There is nothing negative I can think of about Jimmy Fallon replacing Jay Leno as host of The Tonight Show in 2014. We first heard whisperings that the change was being planned a few months ago, and now it’s becoming closer and closer to a reality.
Sources have been gossiping to the media that NBC is planning to announce Jay Leno’s retirement and that Jimmy Fallon is the front-runner to take his place. You’re damn right he is! When Jimmy replaced Conan O’Brien at Late Night a few years ago, a lot of people (including me) were uncertain about how he would perform, but he’s blown me away in the time since by being hilarious, clever, energetic, and above all, really really nice. I can’t say the same about Jay Leno, whose show I used to stay up to watch just for Headlines and Jay Walking until he put together his audition tape for Mean Girls by ripping his old job out of Conan O’Brien’s pasty, quirky hands and acting like we all missed him so much.
The rumored move could be due to the success Jimmy Kimmel has had among young viewers in his new 11:35 time slot. Jimmy Fallon is certainly a hip choice to attract the young crowd to NBC in that time slot, what with his Apple laptop and his afro-sporting sidekick Questlove.

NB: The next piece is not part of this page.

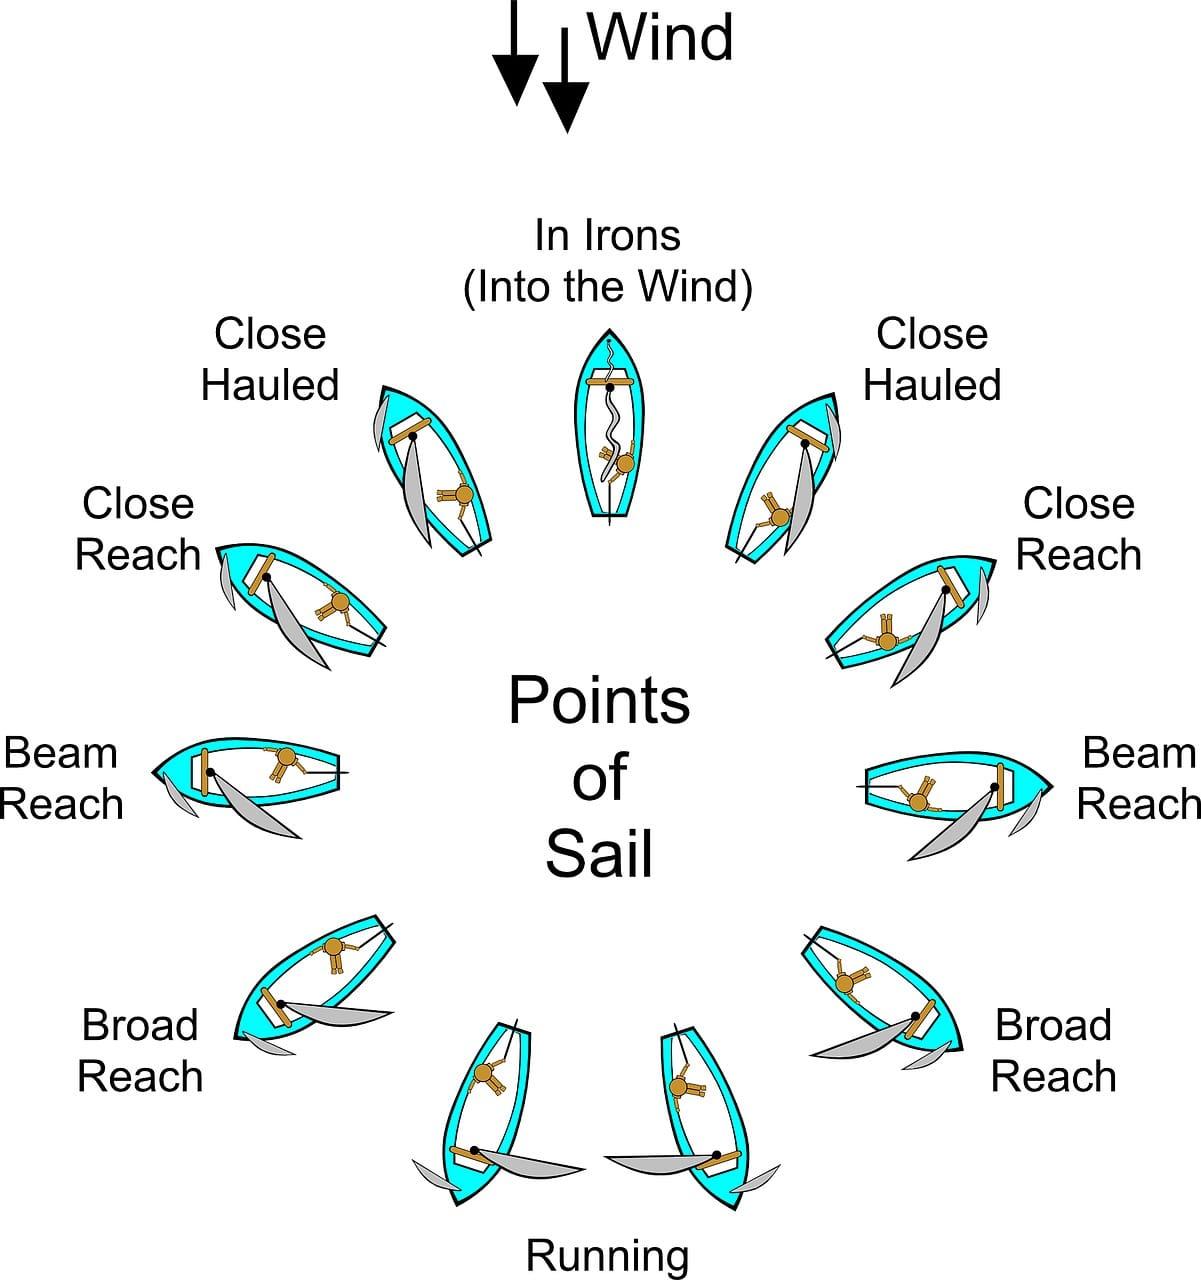 Points of Sail Diagram

Since NBC has been legitimately tanking itself in recent months, this change could be very good for the network.
Hopefully this also means changes could be in store over at CBS. It would certainly be nice to see David Letterman retire and my late-night husband Craig Ferguson take his place. Not only does Letterman creep me out, but Craig’s on too late for my Miley Cyrus old lady eyes to keep themselves open past the monologue.
There had better be some clause in the new contract negotiations stating that Jay Leno cannot take his job back and send Jimmy over to Comedy Central or something. (No offense to Comedy Central. It’s the home of my other late-night husband Jon Stewart. Don’t tell Craig.)
Meanwhile, Jimmy Kimmel sits grinning over at ABC, with no one threatening to dethrone him and celebrity guests milling around him left and right, Matt Damon not included.